Required work:
With the pictures left out, transcribe exactly the lines from the one with "trem amarelo nos trilhos ferroviários" through the end of the data.
──────── Data ────────
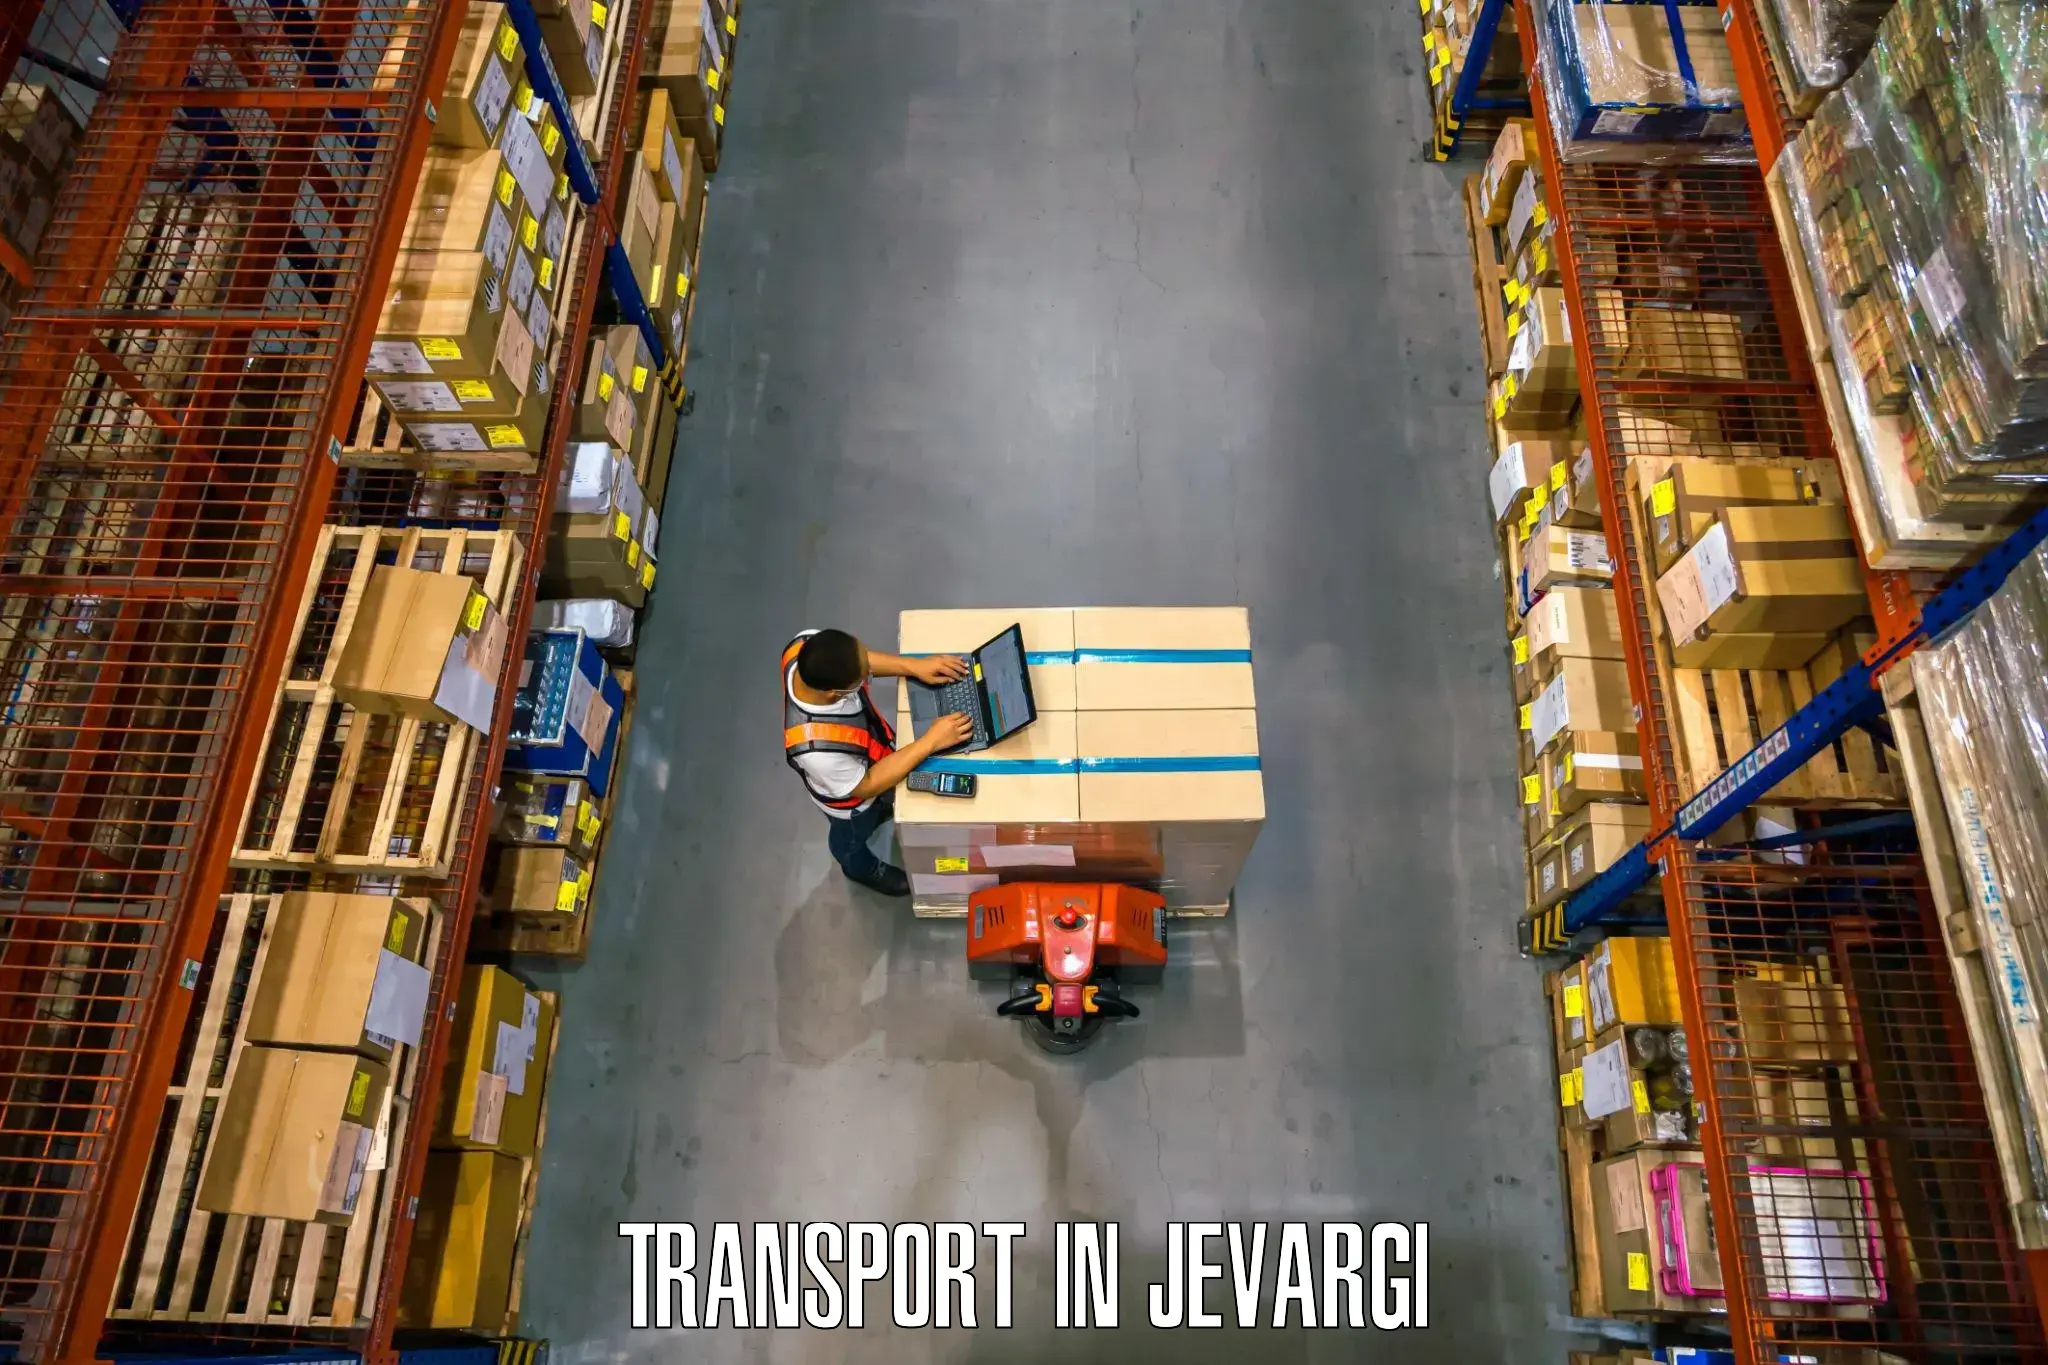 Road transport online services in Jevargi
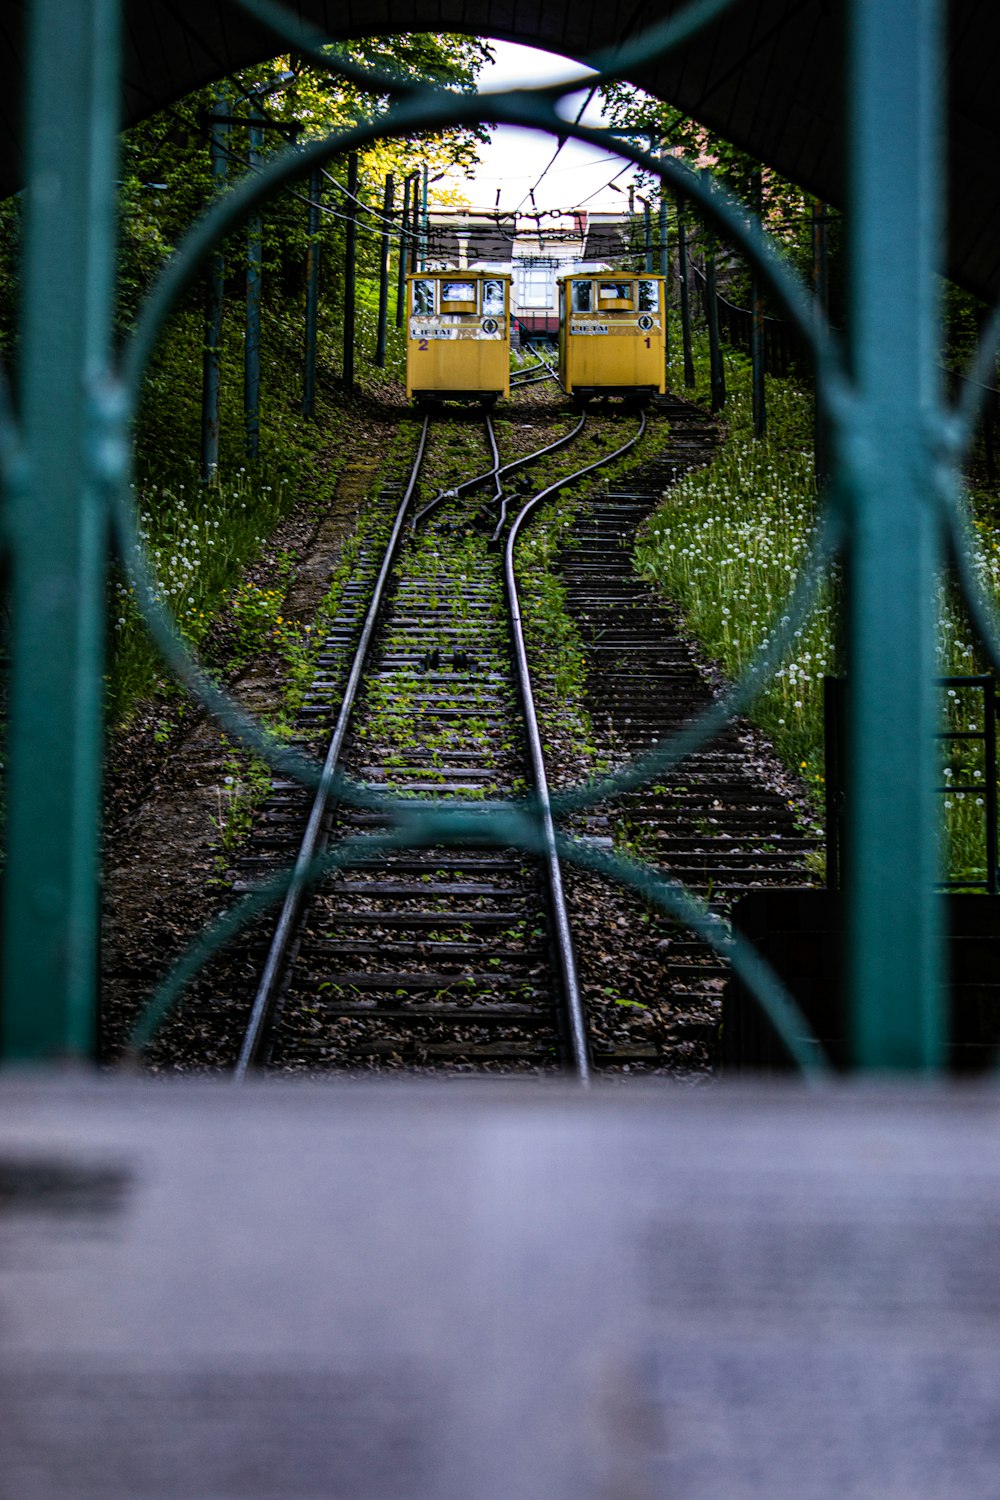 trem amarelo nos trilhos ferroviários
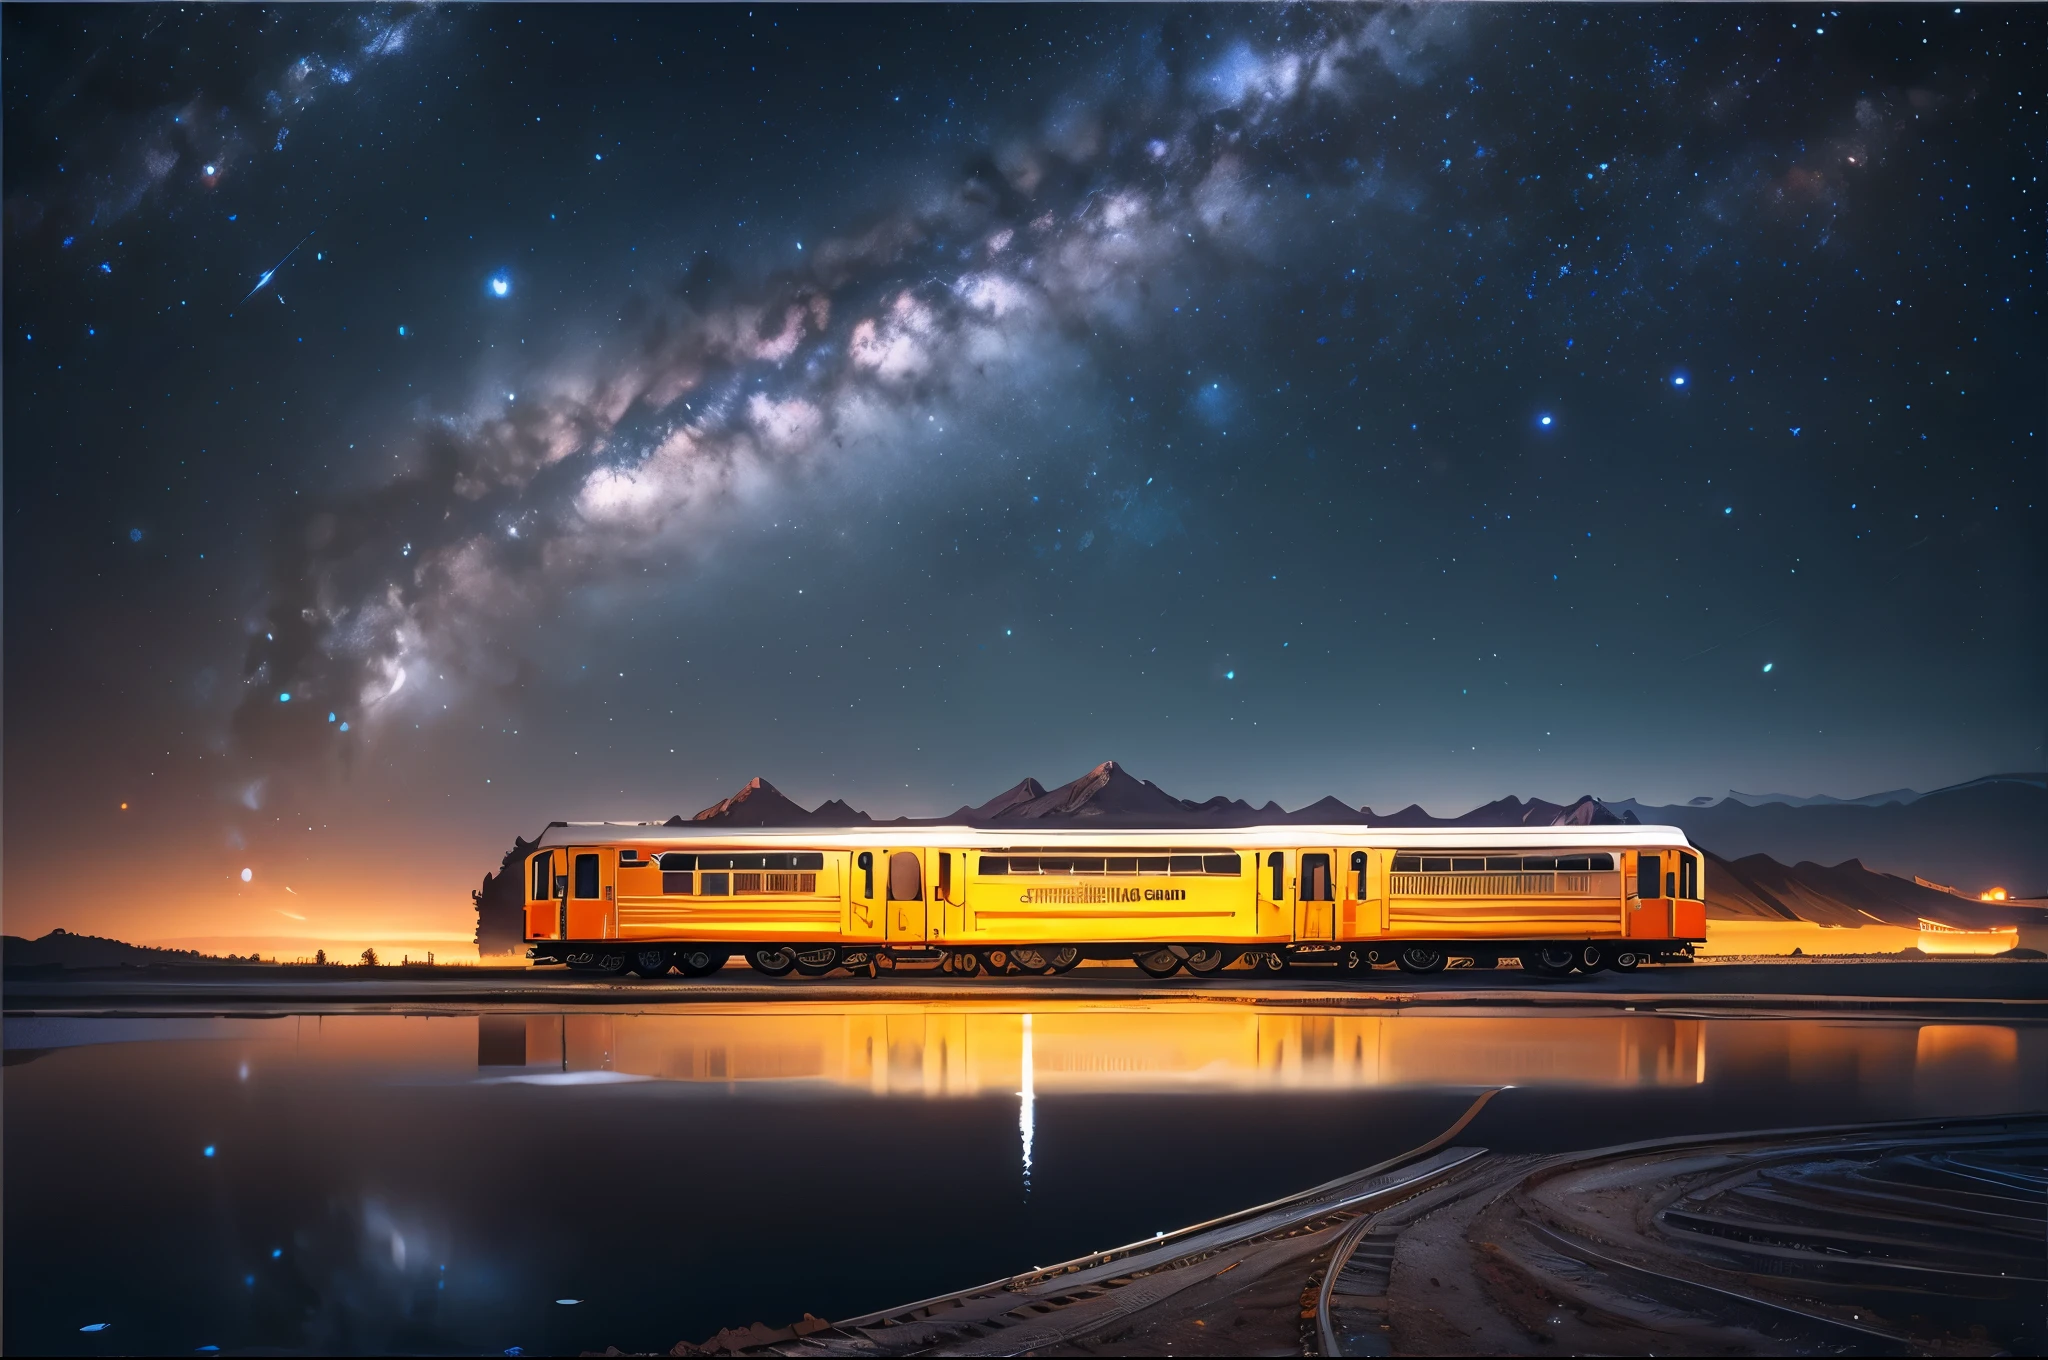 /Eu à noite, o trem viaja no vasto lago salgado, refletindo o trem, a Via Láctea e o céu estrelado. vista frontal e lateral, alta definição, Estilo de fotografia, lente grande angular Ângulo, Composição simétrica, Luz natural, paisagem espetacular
────────
Answer to this exercise:
 trem amarelo nos trilhos ferroviários
 /Eu à noite, o trem viaja no vasto lago salgado, refletindo o trem, a Via Láctea e o céu estrelado. vista frontal e lateral, alta definição, Estilo de fotografia, lente grande angular Ângulo, Composição simétrica, Luz natural, paisagem espetacular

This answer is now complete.